Cavalcade: Academy Awards Best Picture 1933

Next up for the Best Picture History Project is Cavalcade (1933) is a film adaptation of Noel Coward’s play of the same name. Set in London, the movie follows the upper class Marryot family and their servants, the Bridges through the first 33 years of the 20th century. This was an eventful time for Londoners of all sorts, with the sinking of the Titanic, the death of Queen Victoria, and the Great War. The world moves fast, and these two families and their children are swept up in the whirlwind of a changing society.

Premier of Cavalcade

Cavalcade Film Review Washington Evening Star 1-12-1933
Washington, D.C. Evening Star; January 12, 1933. Courtesy of Library of Congress.

Holding a premier with Will Rogers as the host was bound to get a lot of attention in 1933. Fox Films achieved commercial success with Cavalcade, with profits near £2.5 million pounds. Will Rogers would also end up being the host of the 6th Academy Awards in November of the next year. He would present the Oscar for Best Picture and Best Director to Frank Lloyd, a prolific director. Lloyd would go on to direct over 100 films in his career.

The Indianapolis Times advertised the March 4th, 1933 opening of Cavalcade with a list of trivia about the movie and it’s production. I’ve transcribed it, as the article clipping is a little hard to read. This clipping is an example of an ad placed by a studio to make it look like a real article. Either that, or the entertainment journalist just copied the “Cavalcade” press-release word for word.

Indianapolis times, March 4, 1933. Courtesy Library of Congress.

“Cavalcade” to Open Thursday Night

“Cavalcade will open Thursday Night at English’s for a limited engagement. Here are a few interesting facts:

That Noel Coward, author of the Fox Film “Cavalcade,” is but 32 years of age.

That there are 130 speaking parts in the Fox Films production of Noel Coward’s “Cavalcade.”

That 200 highly specialized technical experts formed Director Frank Lloyd’s production staff in preparing for and filming Noel Coward’s “Cavalcade” for Fox Films.

That 25,000 modern costumes were worn by principals and thousands of extras in Noel Coward’s “Cavalcade” as produced by Fox Films.

That two ocean liners were but a pair of items on the list of thousands of properties assembled by Fox Films for the production of Noel Coward’s “Cavalcade.”

That more than 2,500 actors and actresses appear in a single scene of Fox Films production of “Cavalcade.”

That Frank Lloyd, director of Fox Films super-production of Noel Coward’s “Cavalcade” is twice winner of the Academy Award for the best motion picture of the year.

That there are 40 principal players, 150 speaking parts and more than 15,000 minor characters in Fox Films production of Noel Coward’s “Cavalcade.”

That a railway station and trains including engines were built and assembled at Movietone City for an important sequence in Fox Film’s production of “Cavalcade.”

That song numbers and instrumental music in the film vary from modern jazz to old ragtime: from church hymns to funeral dirges and from national anthems to old world ballads.

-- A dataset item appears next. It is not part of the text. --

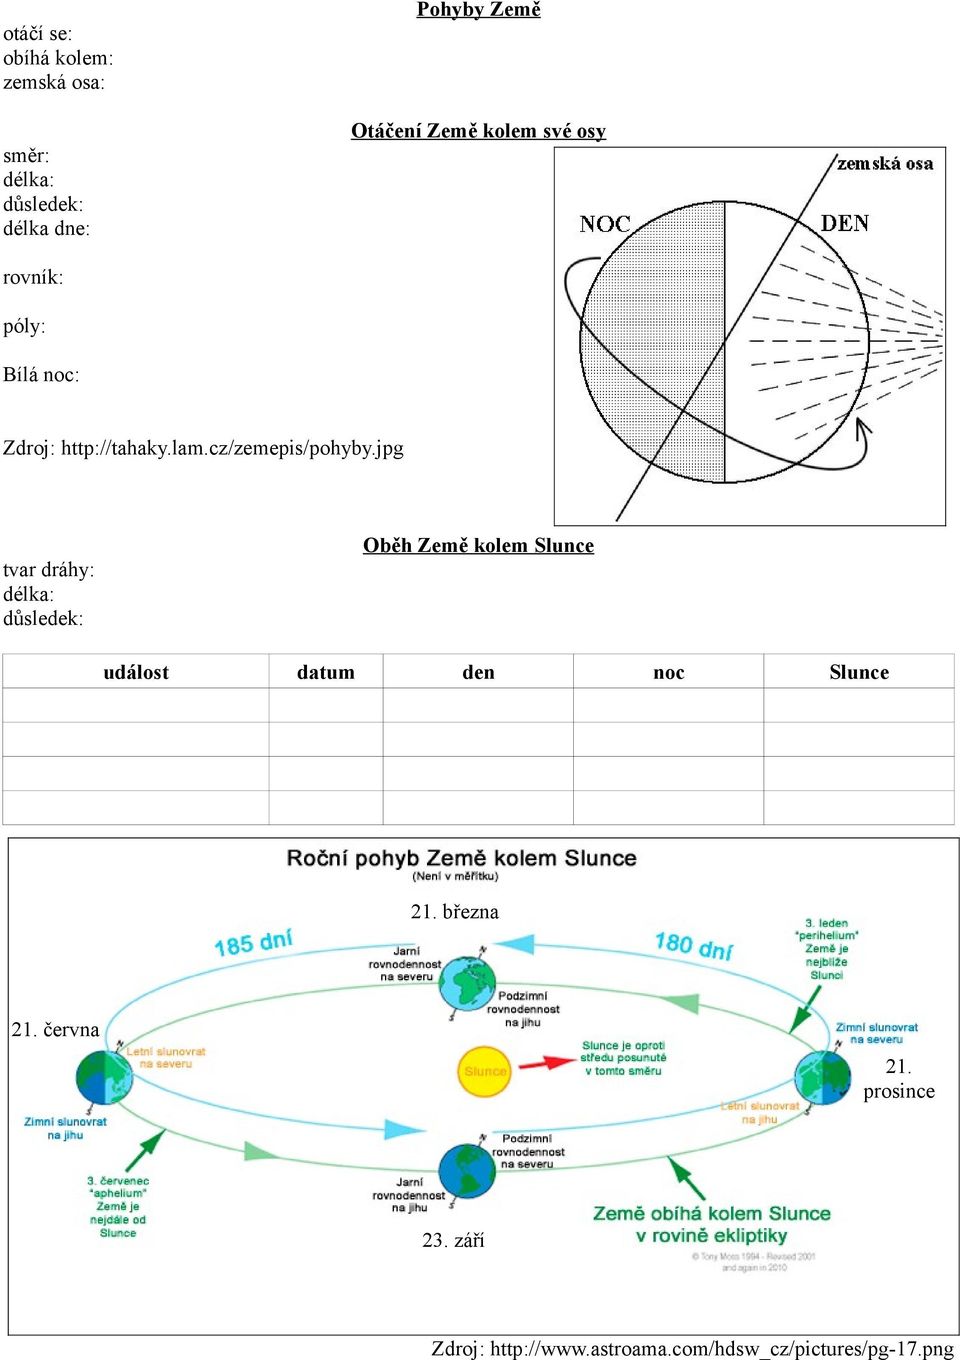 jpg Oběh Země kolem Slunce tvar dráhy: délka: důsledek: událost datum den noc Slunce 21.
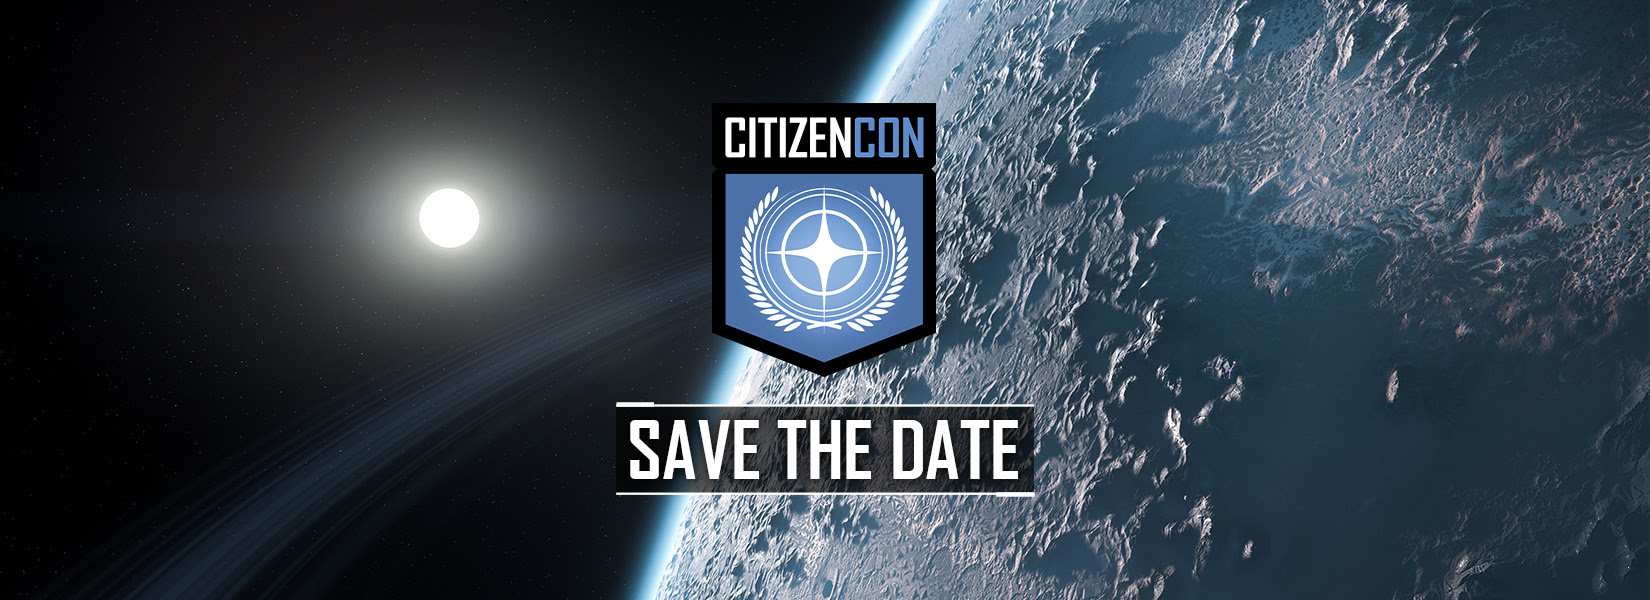 CitizenCon Banner

That no fewer than 50 distinct musical numbers form the background of “Cavalcade.”


Cavalcade was a little outdated, given that it was filmed ninety years ago. I find old movies to be a glimpse into history – not only the clothing, styles, the way society sees beauty – but what issues are important to the people of the time. During the Great Depression, when everything was dreary, a dime could buy an escape. For Americans, this look into what it was like in London for the last few large historical events combined Hollywood’s star power with a successful box office trope: nostalgia. It’s not my favorite Oscar winner, but I did enjoy the film.